Alternatively, the connector can store these extra properties on the file system. Any extra properties on a file or folder will be stored in a "sidecar" next to the corresponding file or folder and named similarly to the corresponding file or folder but with a special suffix. If stored as a JSON file, the suffix will be .modeshape.json, or if stored as a text file the suffix will be .modeshape. (The text format is the same as that used in the previous release, but is provided only for backward compatibility. Where possible, choose the JSON format.) Extra properties on the jcr:content child of nt:file nodes are stored in a different sidecar file, named similarly to the corresponding file but with the .content.modeshape.json or .content.modeshape suffix. Note that these sidecar files are never exposed as nodes by the connector.
It is even possible to prevent updating or creating files and folders with extra properties.

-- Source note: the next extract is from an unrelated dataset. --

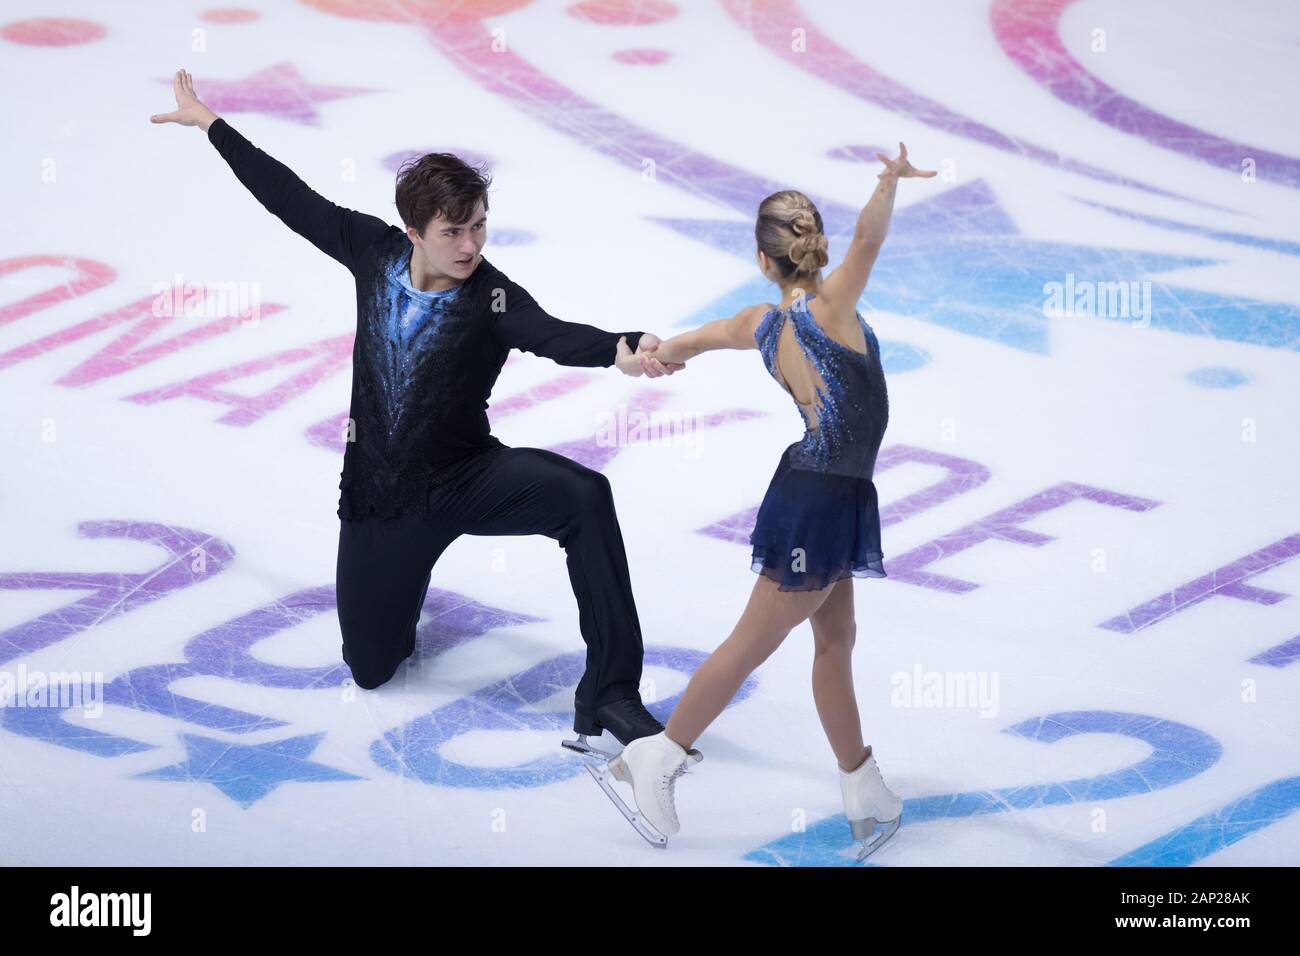 Daria Pavliuchenko and Denis Khodykin from Russia compete in the pairs short program during day 1 of the ISU Grand Prix of Figure Skating - Internatio Stock Photo

To do this, configure the connector with the extraPropertyStorage property set to none.
Here is another sample configuration for a connector that works the same as the earlier configuration except that it is now storing extra properties in a JSON sidecar:
{
    ...
    "externalSources" : {
        "local-git-repo" : {
            "classname" : "org.modeshape.connector.filesystem.FileSystemConnector",
            "directoryPath" : "/a/b/c/",
            "projections" : \[ "/files" \],
            "readOnly" : true,
            "addMimeTypeMixin" : true,
            "exclusionPattern" : ".+[.]tmp$",
            "extraPropertyStorage" : "json"
        }
    }
    ...
}